Maggie thought Abraham’s phrasing a little odd.
Her
kid.
“Is that the only transportation we have?” Beatriz sighed. “A
camión
?”
“It’s short notice,” Abraham said. “Revolution doesn’t pander to creature comforts.”
“I see,” Beatriz said. “Is there anything left to eat? Or did you finish it all?”
Abraham ignored that. “Beatriz, get someone up here to stand guard with Yalu and the kid. Should only be two days max.”
“Isn’t it late notice?” Beatriz said.
“Just do as you’re told, please.”
“Call me ‘comrade’,” she said, smirking.
“Just do it.”
Next door, the baby started crying again and they could hear Yalu coddling it.

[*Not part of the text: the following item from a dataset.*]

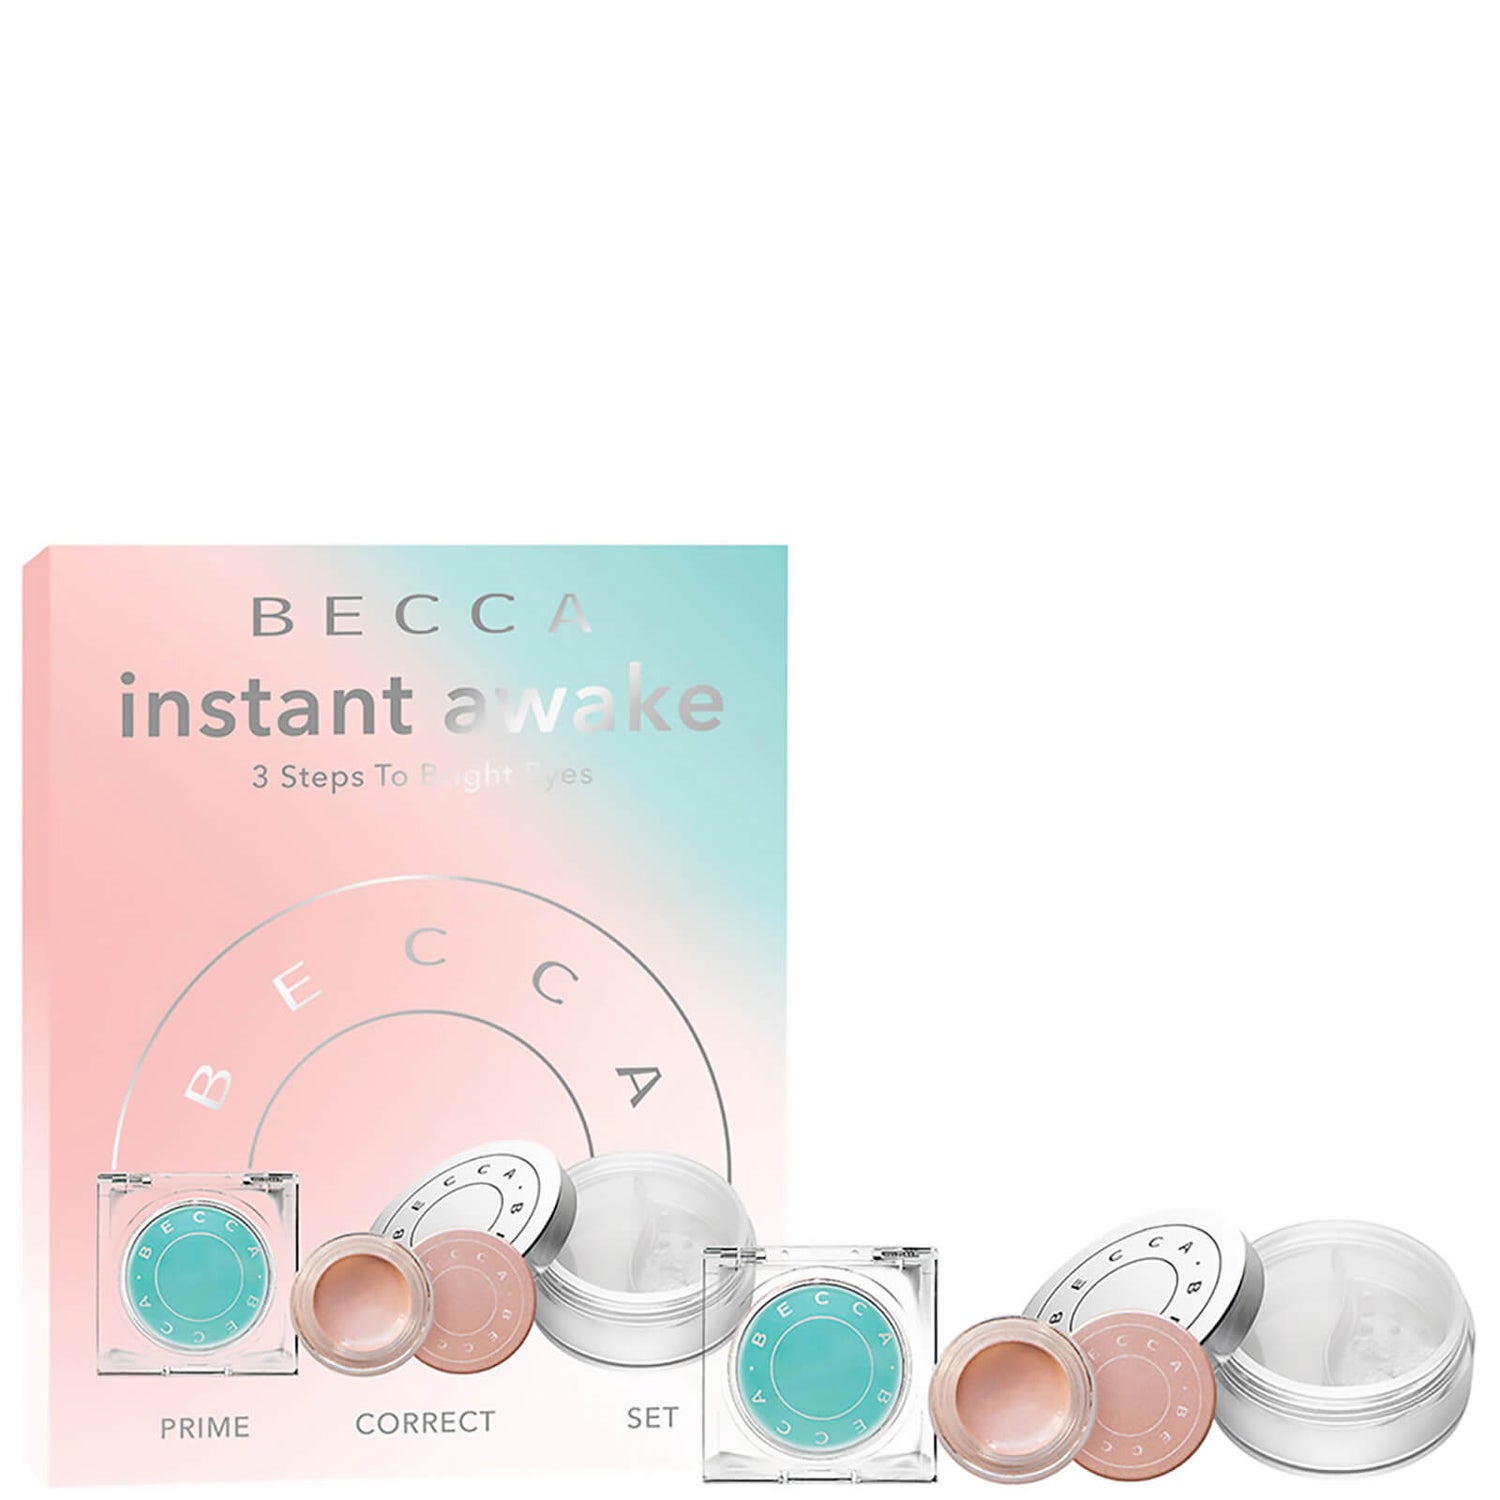 BECCA Instant Awake Eye Kit

“She’s in Ciudad Bolívar,” Achic said, tapping the Google map on his tablet as he sat in the front passenger seat of the crew-cab pickup parked on the outskirts of El Dorado airport. He zoomed in on an undefined snarl of unnamed streets and incomplete roads, haphazard half-formed nothingness that defined the mongo slums on the mountainside overlooking Bogotá. The screen glowed in the darkness of the cab.
The
she
in question was Maggie de la Cruz. She was going by Alice Mendes for this op and, apparently, IceLady69 as well.
“Are you j-joking?” Marcelo said, drumming his spindly fingers on the steering wheel. He was a nervous little guy with thick dark hair combed over in a side part. Wiry little mustache. “We’re talking about a n-needle in a haystack.”
“A big-ass haystack,” Clarence in the back said in his gringo surfer Spanish. “And a small-ass needle.”
“Kind of like your
p
-
pinga
,” Marcelo said.
“How did you know, Marcelo?” Clarence said. “You b-been p-peeking again?” Making fun of Marcelo’s stutter.
Marcelo brayed with laughter, slapping the wheel. “Hell yes,
vato
. I can’t take my eyes of you
p-pinga
. It’s like a p-penis—only smaller.”
Clarence broke down too, a booming guffaw filling the little cab, rank with men waiting all night in a small enclosed space.
The two of them were getting bored, ready to raid the safe house where Comrade Cain was. Grab him, tie his terrorist ass up, haul it back to Ecuador to face justice. They were amped up. They lived for this kind of thing.
Well, so did he.
But where was John Rae? The man in charge?